Python 中贪婪方法的硬币找零问题
Coin Change problem with Greedy Approach in Python
我正在尝试在硬币找零问题中实现贪婪方法,但需要降低时间复杂度,因为编译器不会接受我的代码,而且由于我无法验证我什至不知道我的代码是否正确实际上是否正确。该函数应该 return 进行更改所需的注释总数。如果无法获得给定金额的找零,则 return -1。 Return 1 如果金额等于面额列表中的一种可用货币。

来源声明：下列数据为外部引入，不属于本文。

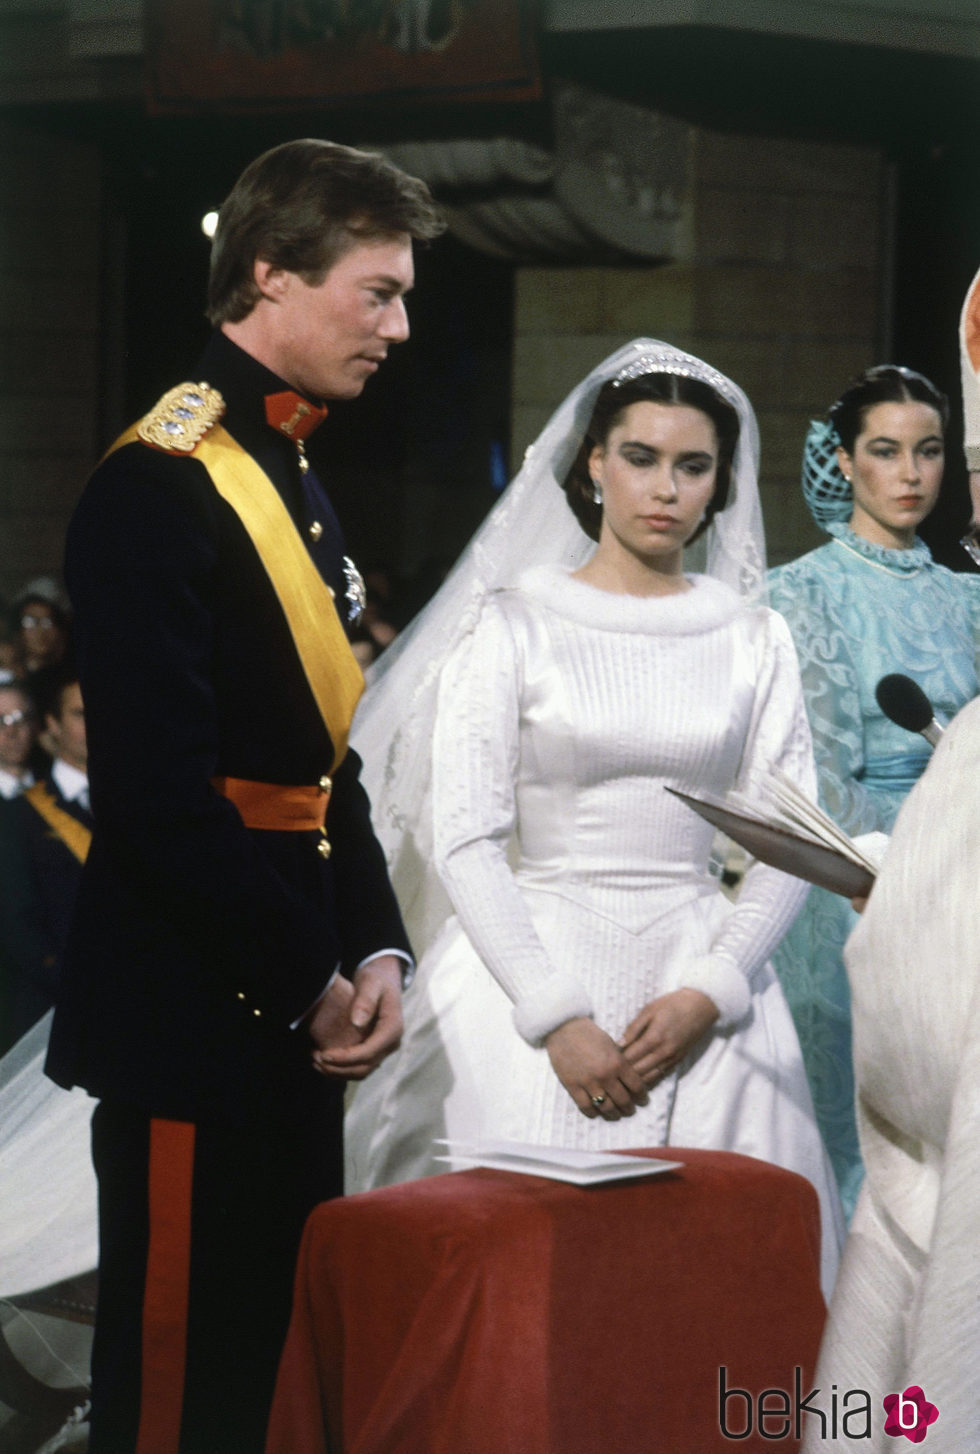 Enrique y María Teresa de Luxemburgo el día de su boda

def make_change(denomination_list, amount):
denomination_list.sort()
n = len(denomination_list)
i = n - 1
ans = 0
x = 0
while i>= 0 :
while denomination_list[i]<= amount:
ans = +1
amount -= denomination_list[i]
i -= 1
if amount == 0:
x = 1
elif amount<0:
x = -1
return x
amount= 20
denomination_list = [1,15,10]
print(make_change(denomination_list, amount))
您希望尽可能减少列表索引的使用,并迭代列表本身。这是一个有效的代码:
# Pre-process denomination list before function, sorting in decreasing order
denomination_list = [1,15,10]
denomination_list.sort(reverse = True)
# Ensure ones are available for change (or infinite loop may result)
if denomination_list[-1] != 1:
denomination_list.append(1)
def make_change(denomination_list, amount):
change = []
# Iterate through coins
for coin in denomination_list:
# Add current coin as long as not exceeding ampoiunt
while amount:
if coin <= amount:
change.append(coin)
amount -= coin
else:
break
return change
amount= 43
print(make_change(denomination_list, amount))
这将适用于 amount
的非整数值,并将列出向下舍入金额的更改。
我正在尝试在硬币找零问题中实现贪婪方法,但需要降低时间复杂度,因为编译器不会接受我的代码,而且由于我无法验证我什至不知道我的代码是否正确实际上是否正确。该函数应该 return 进行更改所需的注释总数。如果无法获得给定金额的找零,则 return -1。 Return 1 如果金额等于面额列表中的一种可用货币。
def make_change(denomination_list, amount):
denomination_list.sort()
n = len(denomination_list)
i = n - 1
ans = 0
x = 0
while i>= 0 :
while denomination_list[i]<= amount:
ans = +1
amount -= denomination_list[i]
i -= 1
if amount == 0:
x = 1
elif amount<0:
x = -1
return x
amount= 20
denomination_list = [1,15,10]
print(make_change(denomination_list, amount))
您希望尽可能减少列表索引的使用,并迭代列表本身。这是一个有效的代码:
# Pre-process denomination list before function, sorting in decreasing order
denomination_list = [1,15,10]
denomination_list.sort(reverse = True)
# Ensure ones are available for change (or infinite loop may result)
if denomination_list[-1] != 1:
denomination_list.append(1)
def make_change(denomination_list, amount):
change = []
# Iterate through coins
for coin in denomination_list:
# Add current coin as long as not exceeding ampoiunt
while amount:
if coin <= amount:
change.append(coin)
amount -= coin
else:
break
return change
amount= 43
print(make_change(denomination_list, amount))
这将适用于 amount
的非整数值,并将列出向下舍入金额的更改。